I would rather have to take down a whole lot of the weak, faulty, un-trued lines of rocks that I have built on my side of the gap between me and you, than I would to keep stacking up my ideas into a wall that no one can assail. I would rather you argue with me even if I get hurt, than I would to never reach the middle of a bridge between your side and mine. And I can only do that by looking over at what you see from your side of the chasm between what I think and what you think; and by together building something strong, and beautiful, and worthy of our humanity.
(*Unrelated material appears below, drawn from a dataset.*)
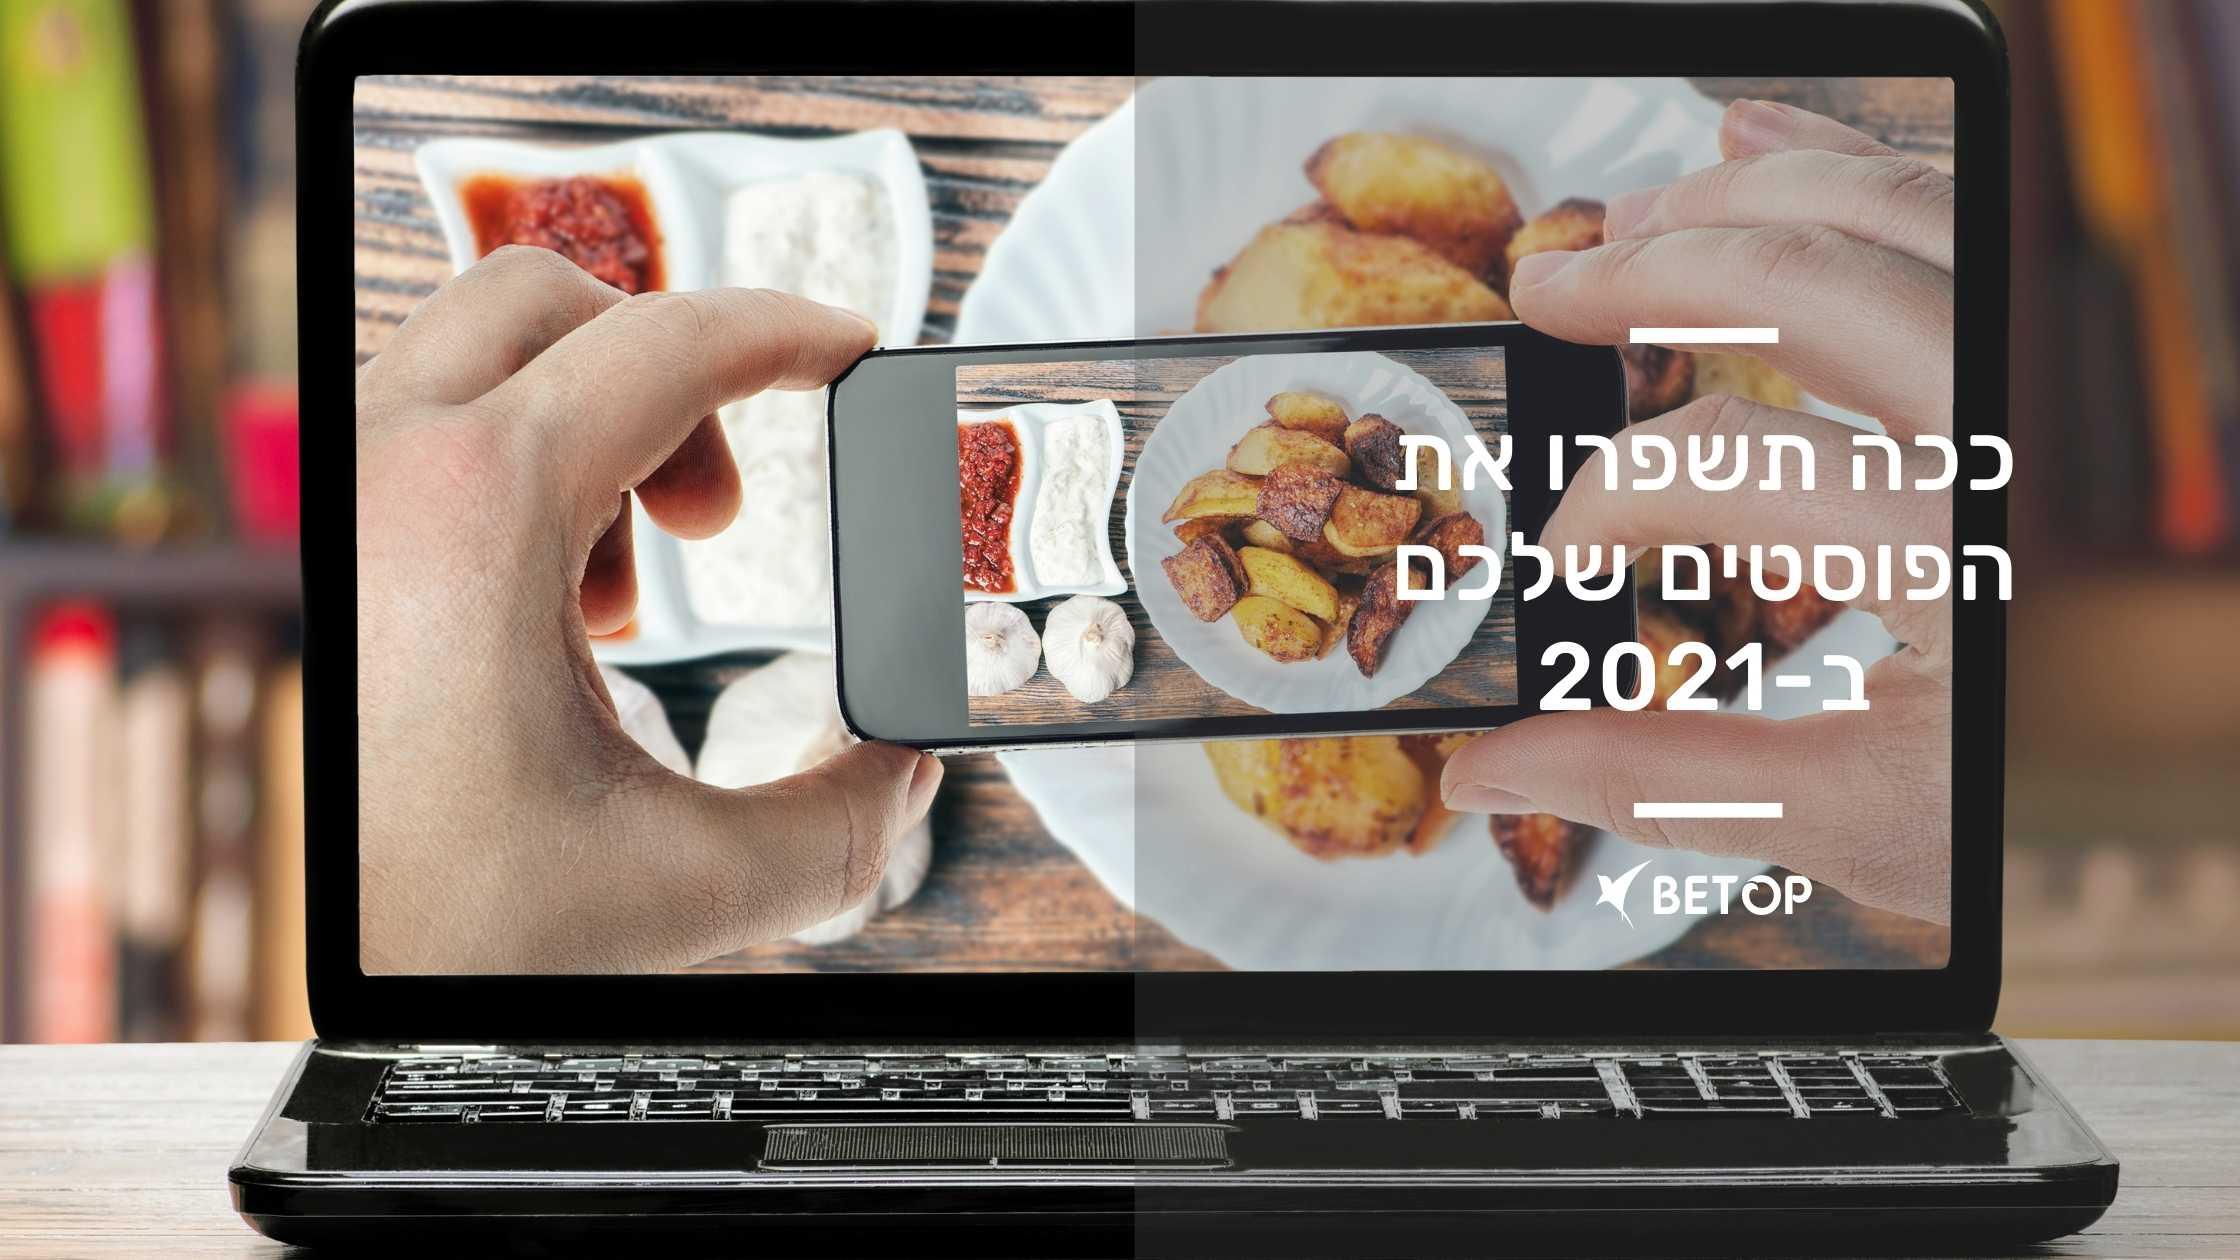 ככה תשפרו את הפוסטים שלכם ב-2021

Because that is after all, why Jesus came to our planet to argue with us; he wanted to give us a shot at making ourselves better at being human together. Believing all that seems a rather foolish theory, I know, but I would still rather be a fool seeking God’s Kingdom, and to open my mouth and remove all doubt when I argue with you, than I would to wait in silence for whatever happens at the end. That is my Pascal’s wager in praise of argument.
People like this author that sent me into this multi-sided and rambling debate with myself (and maybe you), make “good points” that we all “want to agree with”; and so we erroneously neglect the true theme, the more devious purpose, and the bent point of view of people like this. They want to wield their own power of communication without giving their audience that same power. They control the narrative. They control the “conversation”. So, while they encourage you to give up and be nice, or learn a bit more before you take a stand, they speak or write as nicely to you as all dictatorial bullies do and without themselves, giving up an inch of their stated “expertise” or power. The opiate of the masses has long been, not religion, but the idea that we should all be nice little sheep who don’t argue with authority, whether that authority is your Pope, your President, or your BFF on Facebook.
I used to teach young people, you can’t control or craft how you write or debate something, until after you learn what it is you want to say and most importantly, why you need to communicate it. You must write and speak freely, feelingly, unafraid of error, but also unafraid of others who may come along later and point out to you that you might be wrong. We need not only freedom to disagree, but also good conscience to listen to other people’s arguments, and to accept other people’s ways of arguing, even if they argue with passion or emotion or even with wrong facts. When did we start thinking that by listening, we had to agree? When did we start thinking that we learn best by sitting still and shutting up? Or that it is better to never risk being publicly wrong because then we never risk being publicly right?
If we continue to unlearn how to argue, and go on disconnecting from discussing, debating, arguing, sometimes fighting our ideas even heatedly, pigheadedly, foolishly; then how will any of us ever learn which of all the doors ahead that we can open are the best ones? Sometimes, while we are standing, looking up and down the roads one might take, we need a good friend to argue with us, about the different directions one might use on this path called life.
If we are unwilling to argue with each other about important things, belief-type things, planet-survival type things, love thy neighbor type things, then we will not be remembered as smart, or wise or “Jesus-like” or likable beings on this planet. We will, if we somehow survive to be remembered by anyone at all, be remembered not as nice, but as lost.